Wikipedia defines “Language Primitive” this way:

In computing, language primitives are the simplest elements available in a programming language. A primitive is the smallest 'unit of processing' available to a programmer of a given machine, or can be an atomic element of an expression in a language.

By looking at a language’s primitives, we can learn what kind of code will be easy to write or impossible to express, and what types of problems the language was intended to solve. Whether you’ve been using a language for years, or just now learning a new language for fun, take the time to find and learn about your language’s primitives. You might discover something you never knew, and will come away with a deeper understanding of how your programs work.

As an example today, I’m going to look at how arrays work in three languages: Ruby, Crystal and x86 Assembly Language.

Retrieving an Array Element In Ruby

In Ruby I can create an array and later access an element like this:

arr = [12345, 67890]
puts arr[1]

This code would be the same or almost the same in many other programming languages. It just means: “find the second element of the array and print it to stdout.”

But how does this actually work? In Ruby, the Array class and all of its methods are language primitives. This means array methods like [] or []= cannot be broken down into smaller pieces of Ruby code. As Wikipedia says, these methods are the smallest unit of processing available to Ruby programmers working with arrays.

Ruby hides the details of how arrays actually work from us. To learn how Ruby actually saves and retrieves values from an array, we would need to switch languages and drop down a level of abstraction, and read the C implementation in the Ruby source code: array.c. There’s nothing wrong with this, of course. Ruby developers use arrays every day without any trouble. But switching from Ruby to C makes understanding internal details much more difficult.

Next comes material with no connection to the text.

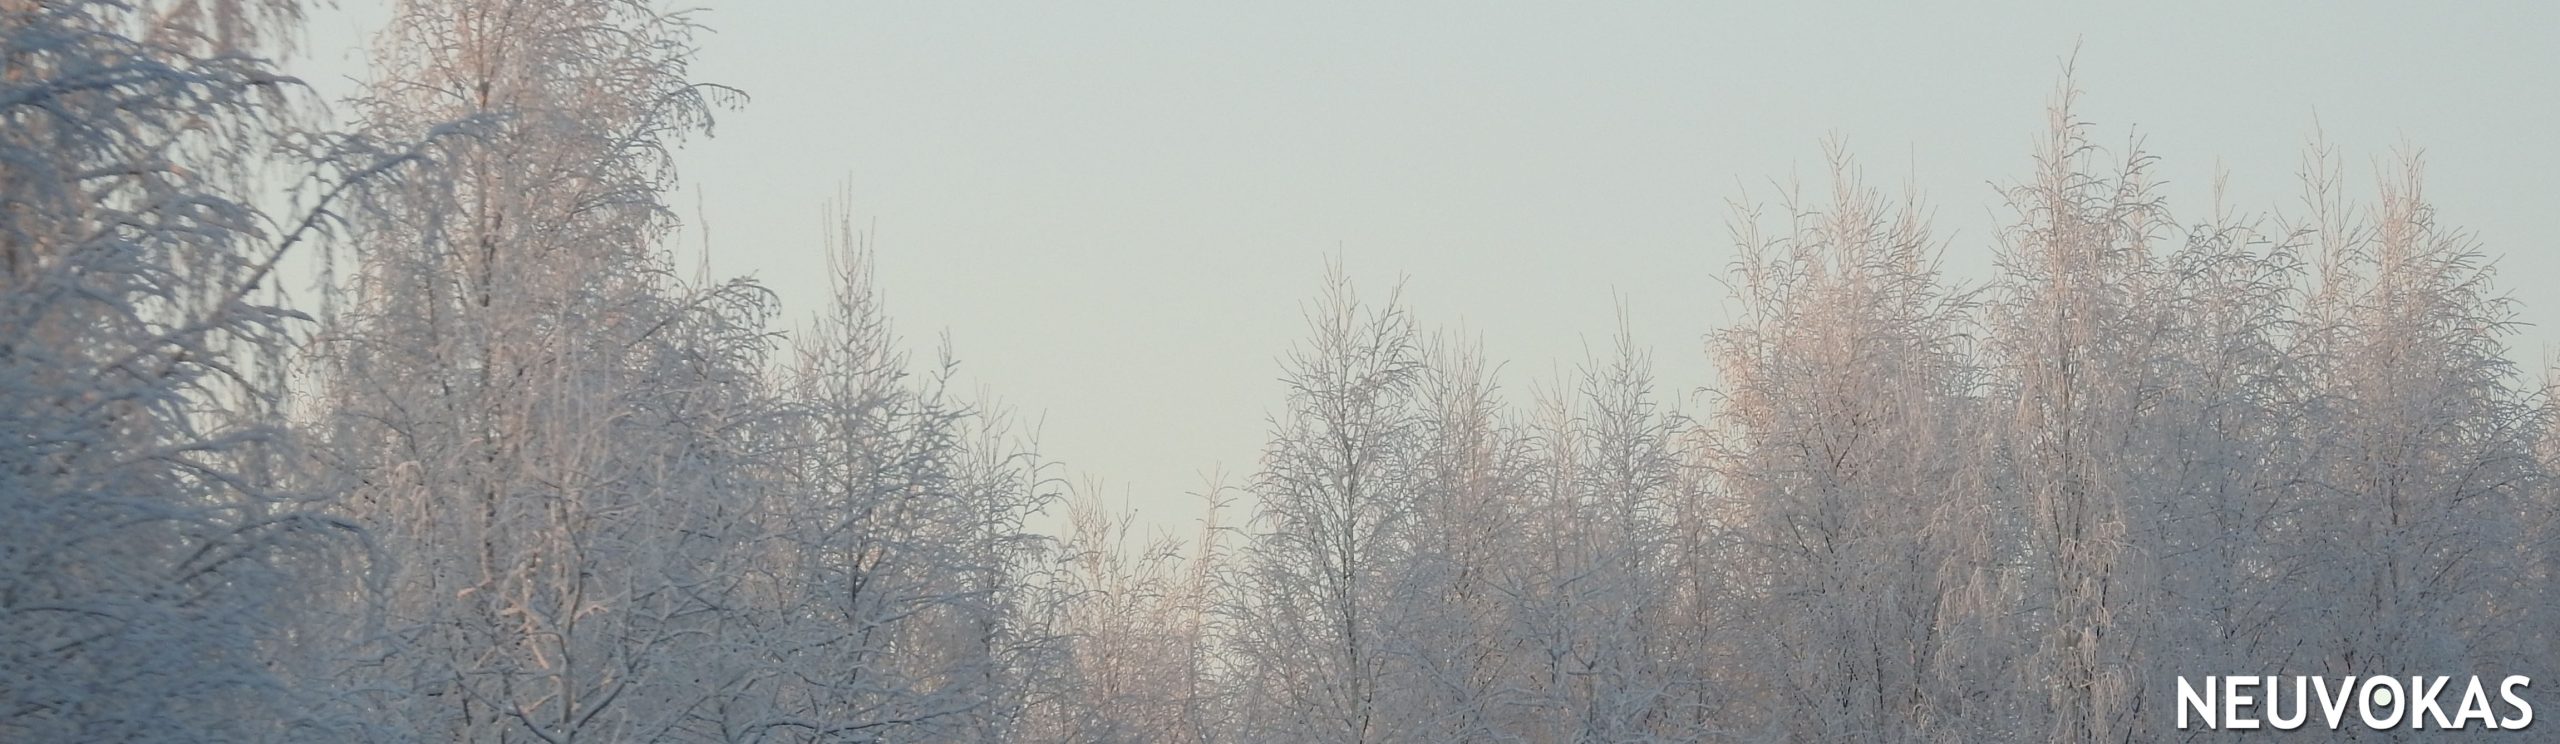 kuvituskuva: lumiset puut

Retrieving an Array Element In Crystal

This Fall I decided to learn more about Crystal, a statically typed language with syntax that resembles Ruby. I expected to find a similar Array#[] primitive. But surprisingly, I was wrong!

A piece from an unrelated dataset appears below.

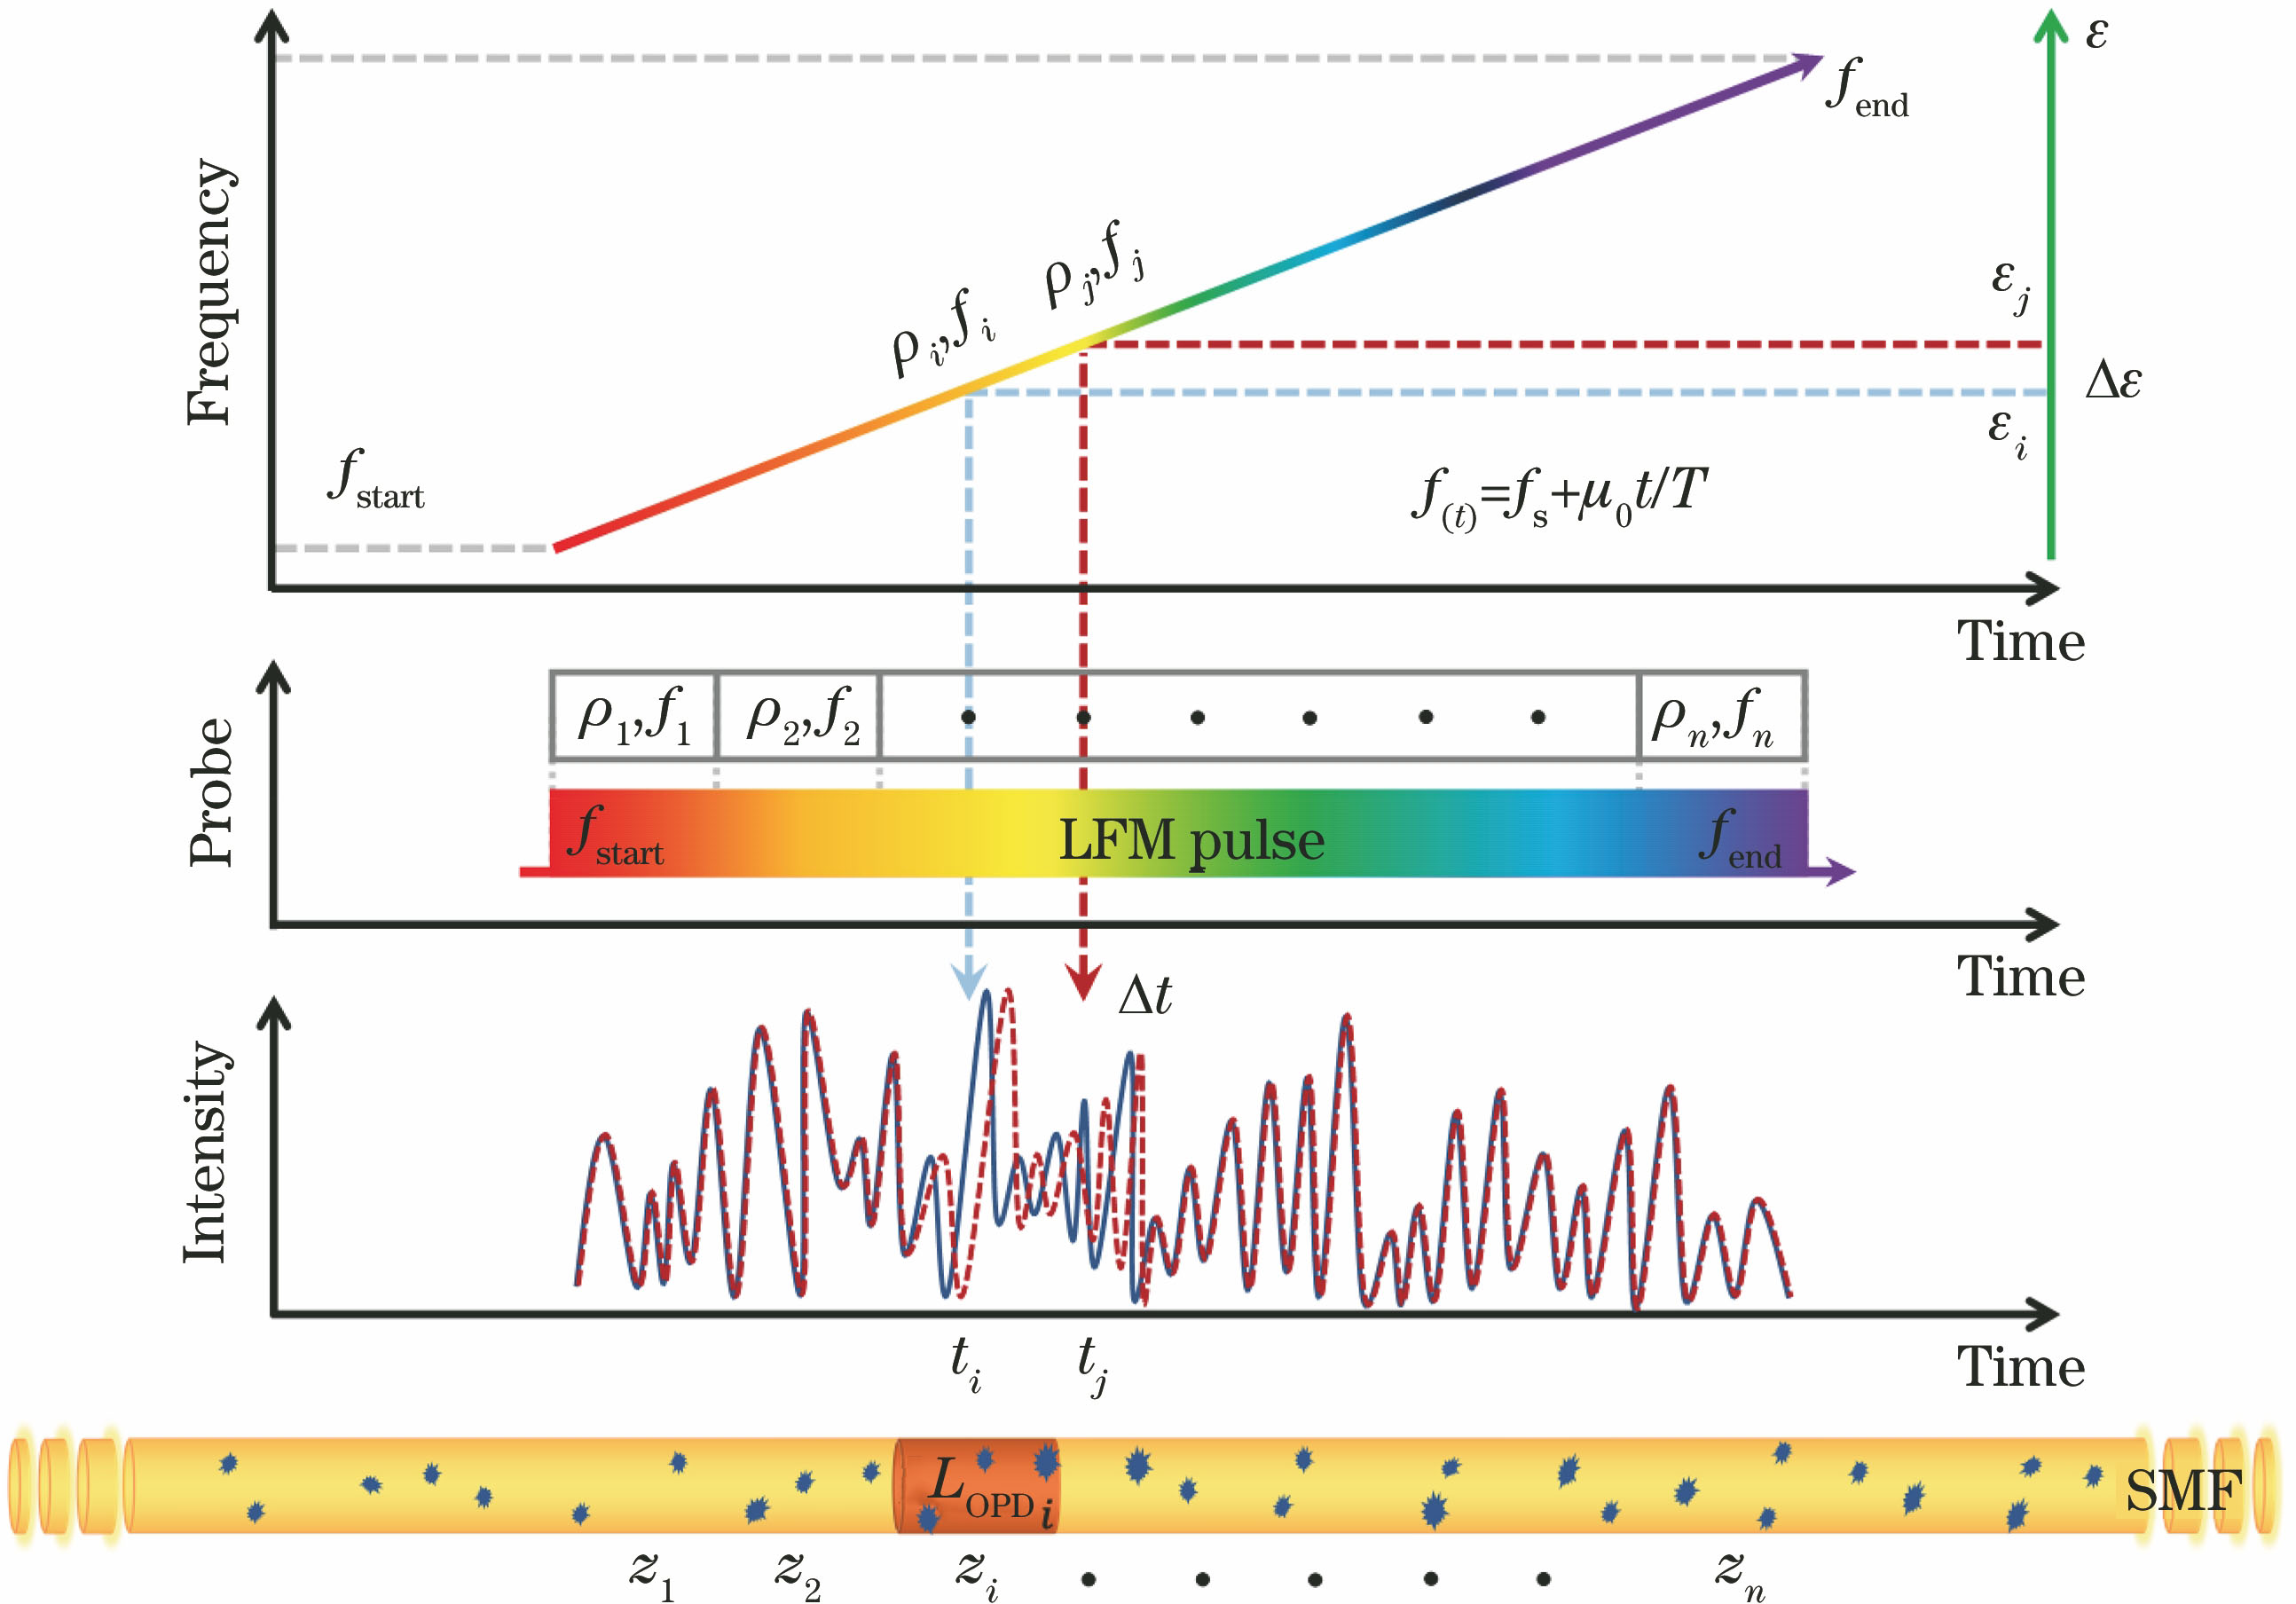 Discrete theoretical model of LFM pulse DAS

The same code from above also works in Crystal:

arr = [12345, 67890]
puts arr[1]

In Crystal, arrays are not language primitives because the Crystal standard library implements arrays using Crystal itself. The Array#[] method is not the smallest unit of processing available to Crystal programmers. Let’s dig into the details and divide up the [] method into smaller and smaller pieces to see how the Crystal team implemented it.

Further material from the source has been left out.